Theorem F.1. Let $x^{(1)}, \ldots, x^{(n)} \overset{\text{iid}}{\sim} \mathcal{N}(\mu, \sigma^2)$ . Then:

\frac{(n-1)s^2}{\sigma^2} = \frac{\sum_{i=1}^n (x^{(i)} - \bar{x})^2}{\sigma^2} \sim \chi^2_{n-1}

and this is independent of $\bar{x}$ .

Proof sketch. Write $\sum(x^{(i)}-\bar{x})^2/\sigma^2 = \sum(z^{(i)}-\bar{z})^2$ where $z^{(i)} = (x^{(i)}-\mu)/\sigma \overset{\text{iid}}{\sim} \mathcal{N}(0,1)$ . The quadratic form $\sum(z^{(i)}-\bar{z})^2$ equals $\mathbf{z}^\top(I - \frac{1}{n}\mathbf{1}\mathbf{1}^\top)\mathbf{z}$ , a projection of $\mathbf{z}$ onto the $(n-1)$ -dimensional subspace orthogonal to $\mathbf{1}$ . By the spectral theorem for Gaussian quadratic forms, this has a $\chi^2_{n-1}$ distribution. Independence from $\bar{x}$ (a function of $\mathbf{1}^\top\mathbf{z}$ ) follows from the orthogonality.

The $n-1$ degrees of freedom arise because estimating $\mu$ by $\bar{x}$ removes one degree of freedom from the $n$ deviations $x^{(i)}-\bar{x}$ (they sum to zero, so only $n-1$ are free).

F.3 Student's $t$ Distribution

Definition. If $Z \sim \mathcal{N}(0,1)$ and $V \sim \chi^2_\nu$ independently, then $T = Z/\sqrt{V/\nu} \sim t_\nu$ .

Application to Gaussian mean. With $Z = (\bar{x}-\mu)/(\sigma/\sqrt{n}) \sim \mathcal{N}(0,1)$ and $V = (n-1)s^2/\sigma^2 \sim \chi^2_{n-1}$ (independent of $Z$ ):

T = \frac{\bar{x}-\mu}{s/\sqrt{n}} = \frac{Z}{\sqrt{V/(n-1)}} \sim t_{n-1}

This is exact for all $n \geq 2$ - no large-sample approximation needed. The $t$ -distribution is symmetric, bell-shaped, heavier-tailed than the Gaussian, and converges to $\mathcal{N}(0,1)$ as $\nu \to \infty$ .

Quantiles comparison:

$\alpha$ (two-sided)	$z_{\alpha/2}$	$t_{9, \alpha/2}$	$t_{29, \alpha/2}$
10%	1.645	1.833	1.699
5%	1.960	2.262	2.045
1%	2.576	3.250	2.756

The $t$ -distribution with small df requires wider intervals to achieve the same coverage - reflecting the additional uncertainty from estimating $\sigma$ .

F.4 The $F$ Distribution

Definition. If $U \sim \chi^2_m$ and $V \sim \chi^2_n$ independently, then $F = (U/m)/(V/n) \sim F_{m,n}$ .
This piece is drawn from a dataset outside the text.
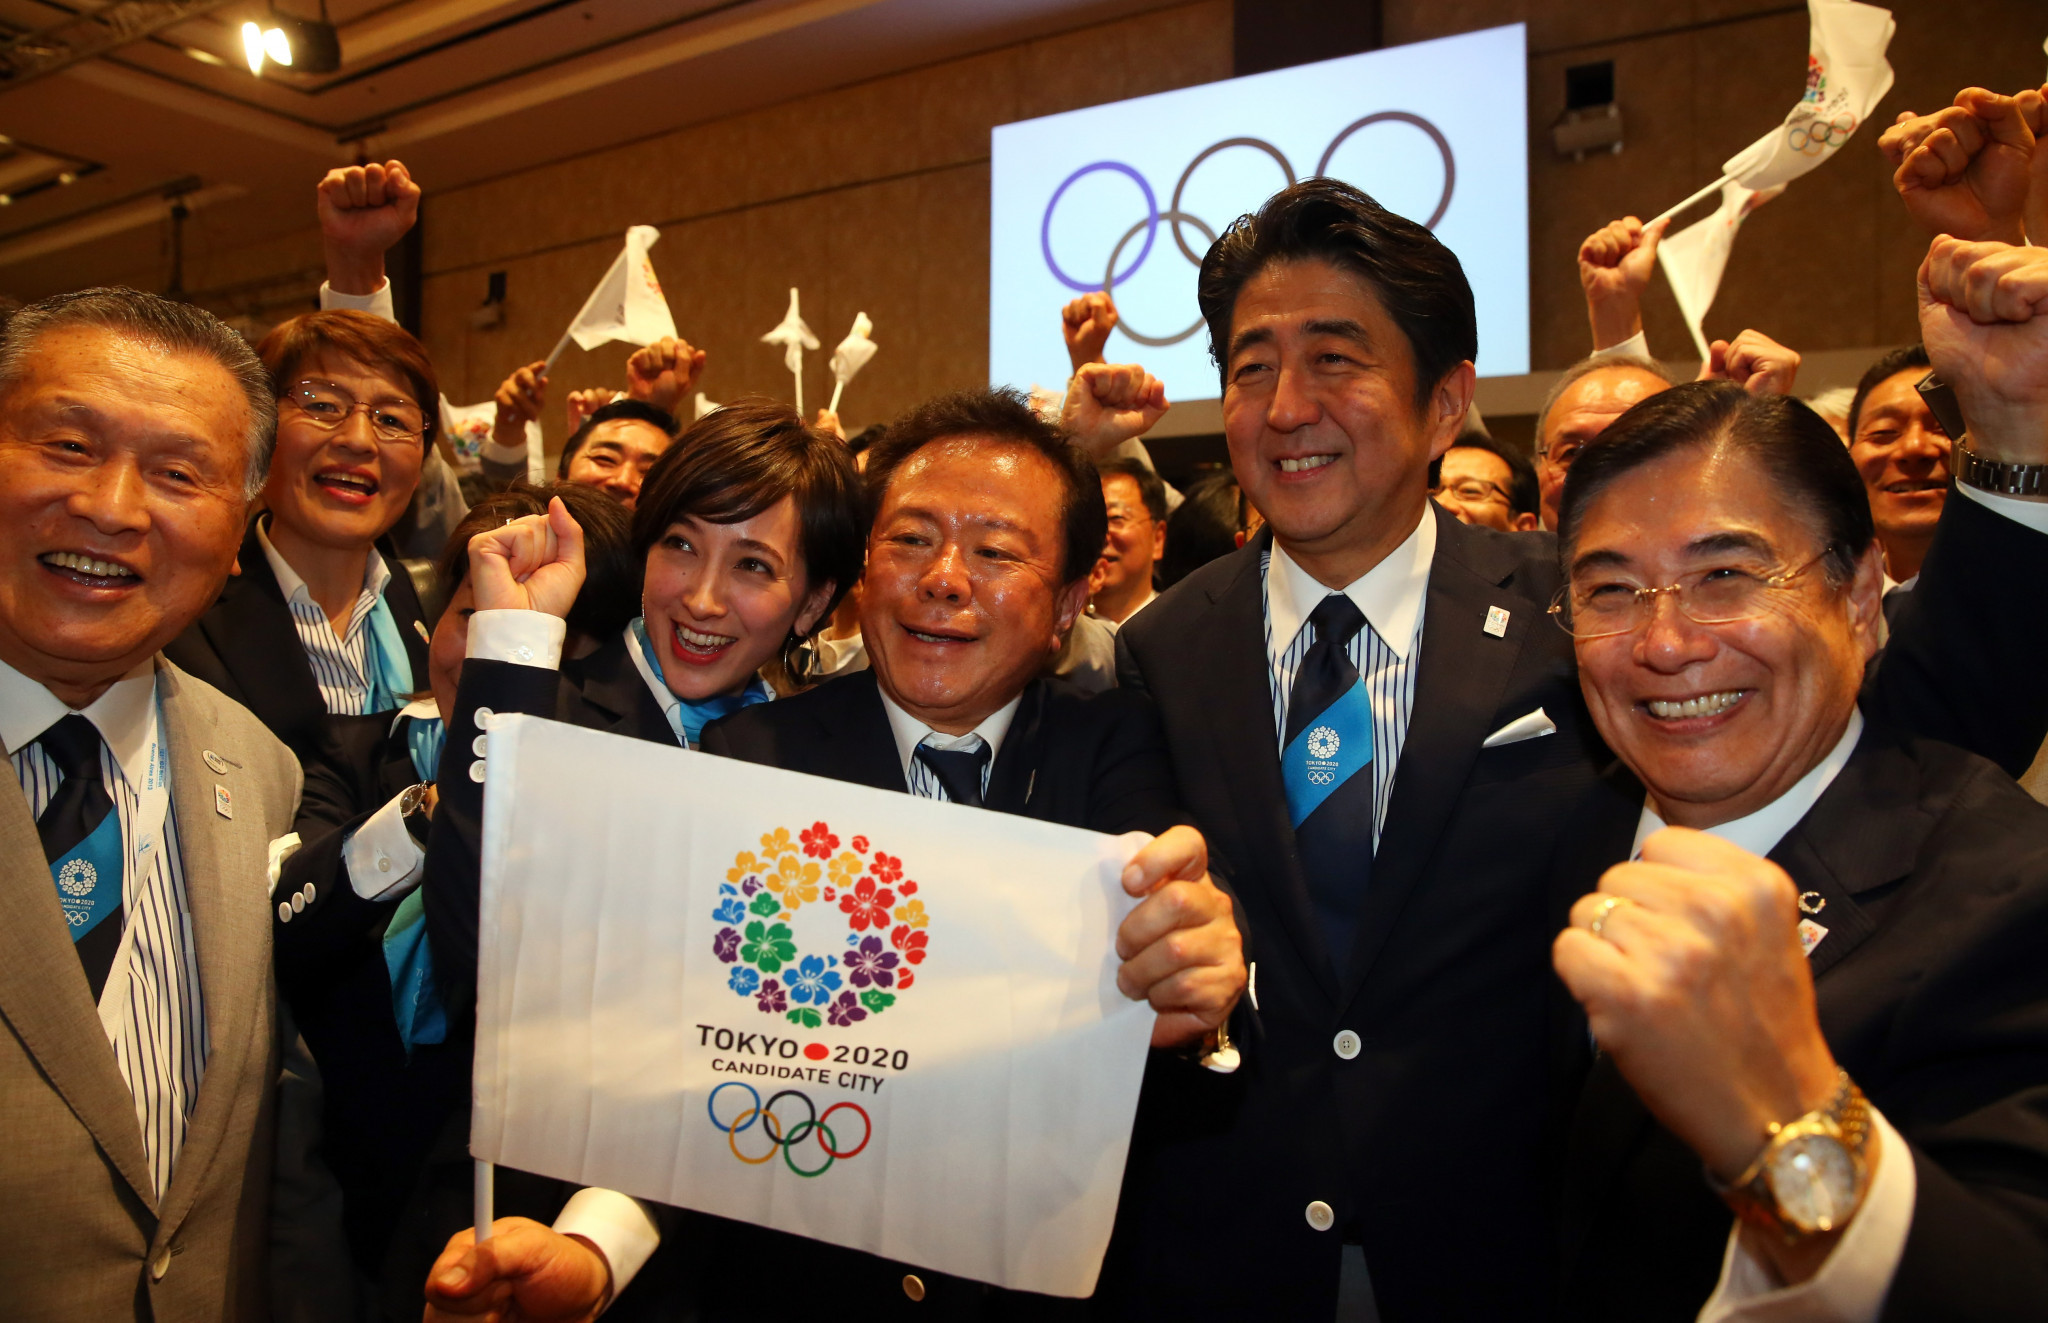 Tokyo was named as host of the 2020 Olympic and Paralympic Games at the 2013 IOC Session in Buenos Aires ©Getty Images

Application. Comparing variances: $s_1^2/s_2^2 \cdot (\sigma_2^2/\sigma_1^2) \sim F_{n_1-1, n_2-1}$ . Testing equality of variances $H_0: \sigma_1^2 = \sigma_2^2$ : $F_{\text{obs}} = s_1^2/s_2^2 \sim F_{n_1-1, n_2-1}$ under $H_0$ .

The $F$ -distribution also underlies ANOVA (testing equality of multiple means), regression significance tests, and model comparison - fully developed in Section03 Hypothesis Testing and Section06 Regression Analysis.
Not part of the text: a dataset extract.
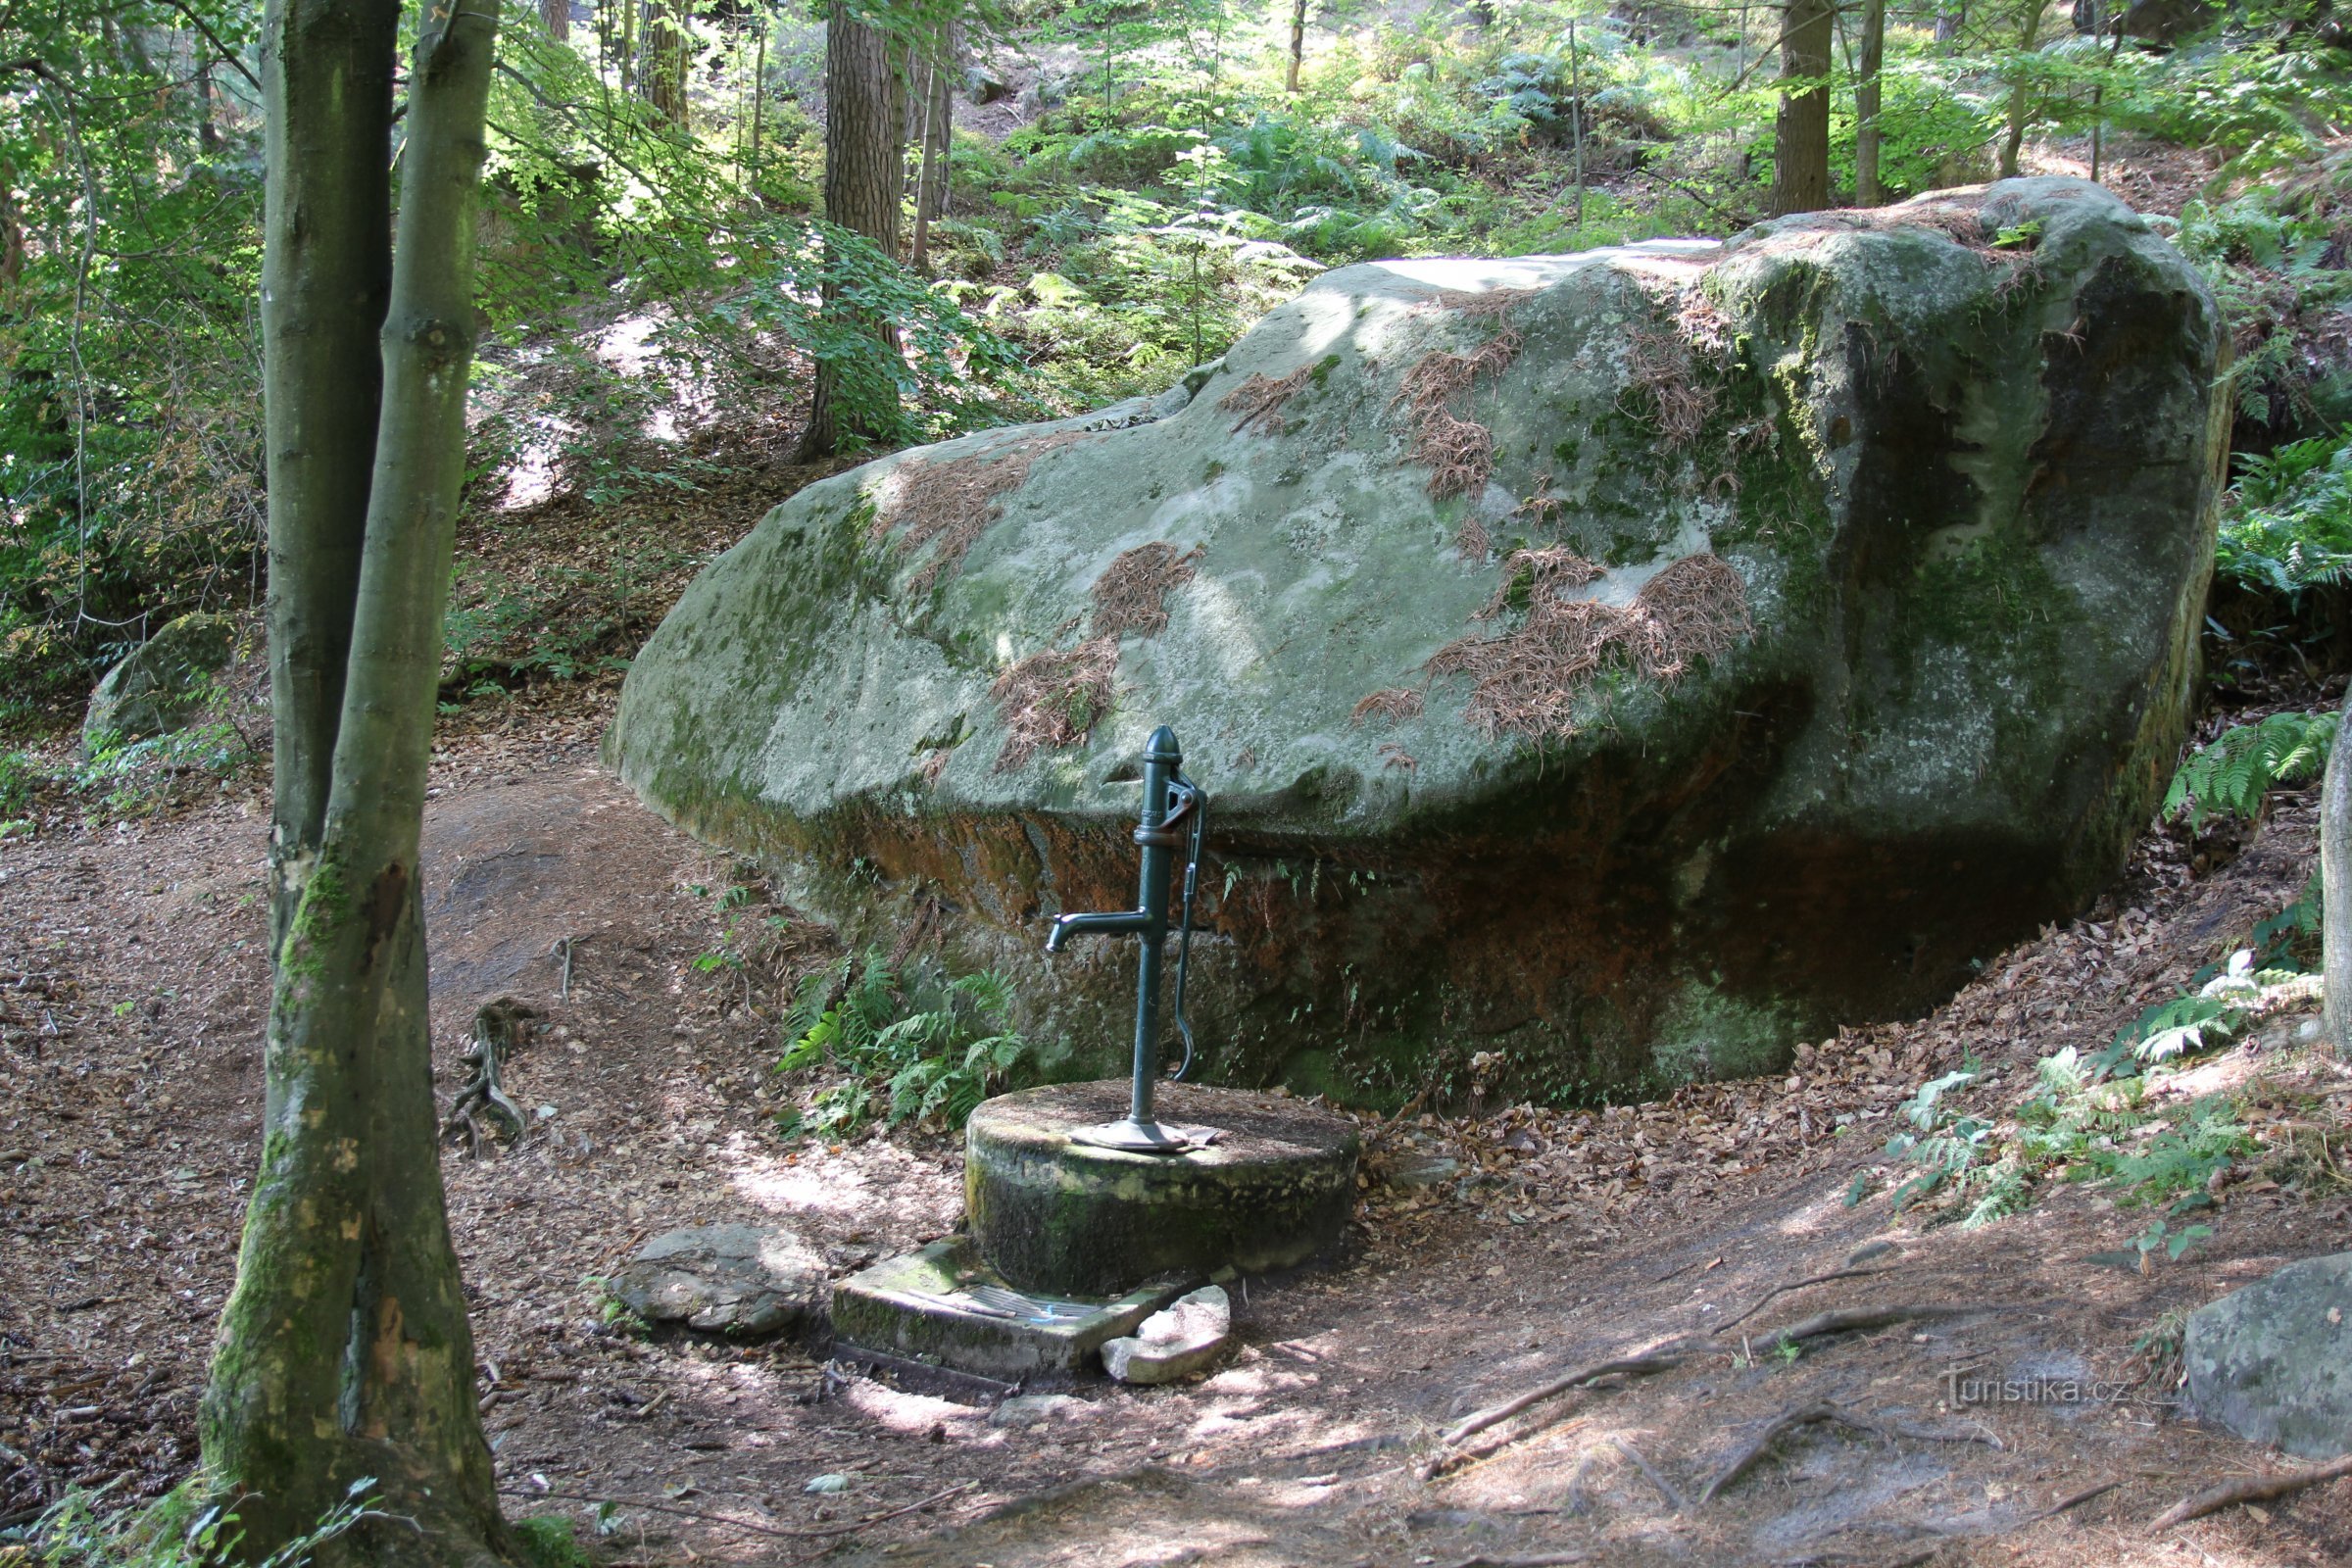 At Vondračka - a functional well with drinking water

Appendix G: Numerical Example - Fitting a Gaussian Mixture Model via EM

This worked example demonstrates MLE for a latent variable model.
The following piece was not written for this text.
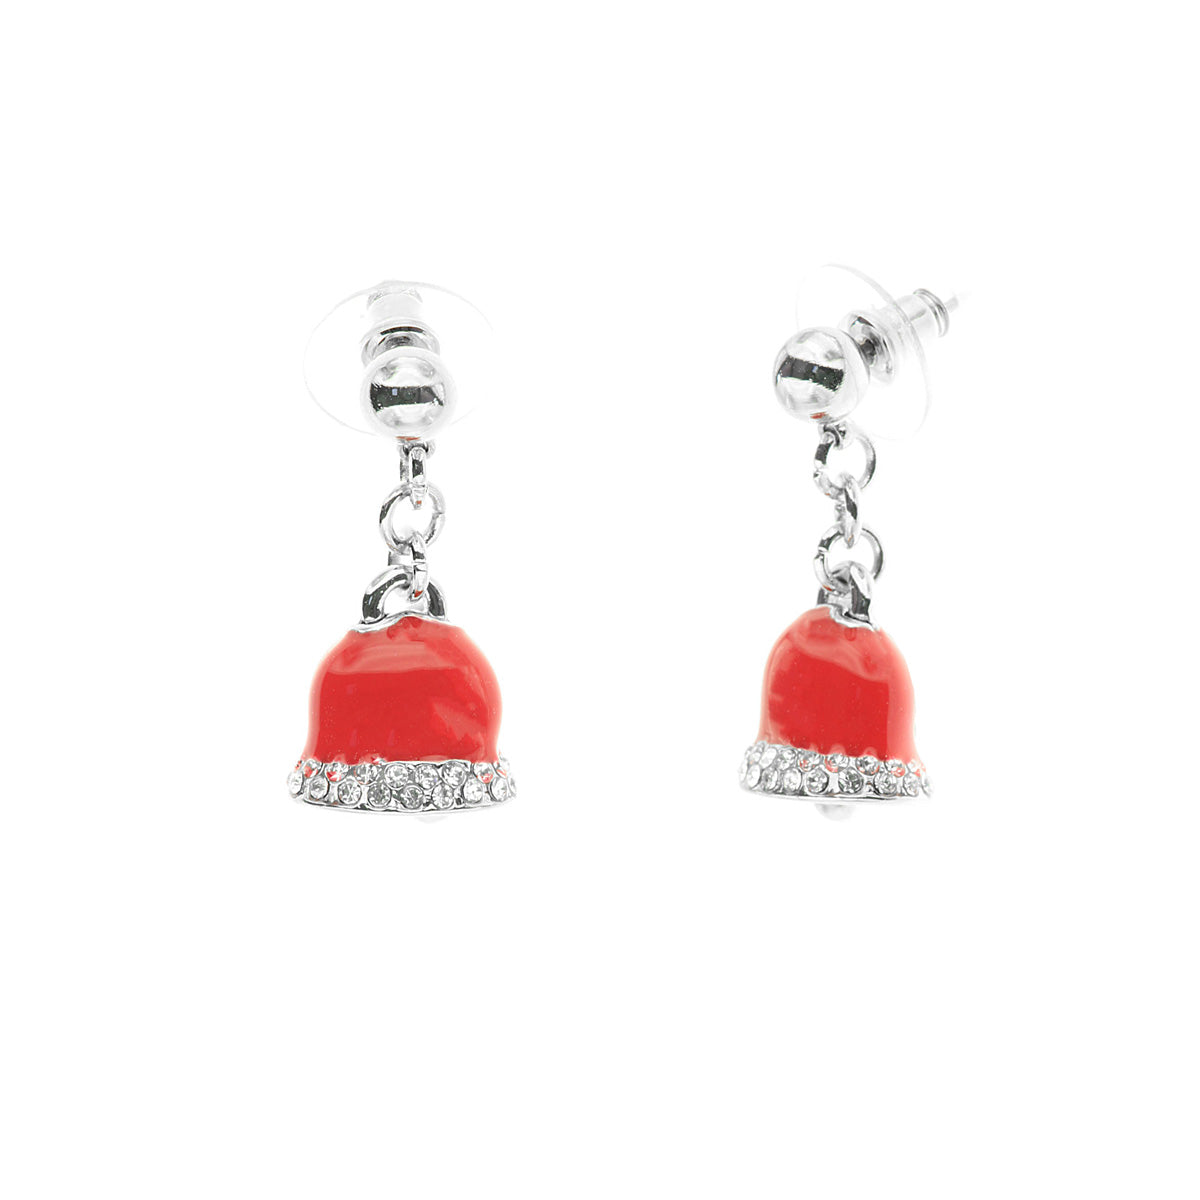 Metal earrings with red glazed charms and white crystals

Setup. Suppose we observe $n = 200$ observations believed to come from a mixture of two Gaussians: $p(x;\boldsymbol{\theta}) = \pi_1 \mathcal{N}(x;\mu_1,\sigma_1^2) + (1-\pi_1)\mathcal{N}(x;\mu_2,\sigma_2^2)$ .

The parameters are $\boldsymbol{\theta} = (\pi_1, \mu_1, \sigma_1^2, \mu_2, \sigma_2^2)$ .

Direct MLE is hard. The log-likelihood is $\ell(\boldsymbol{\theta}) = \sum_{i=1}^n \log[\pi_1\mathcal{N}(x^{(i)};\mu_1,\sigma_1^2) + (1-\pi_1)\mathcal{N}(x^{(i)};\mu_2,\sigma_2^2)]$ , which contains a log of a sum - non-convex, no closed form.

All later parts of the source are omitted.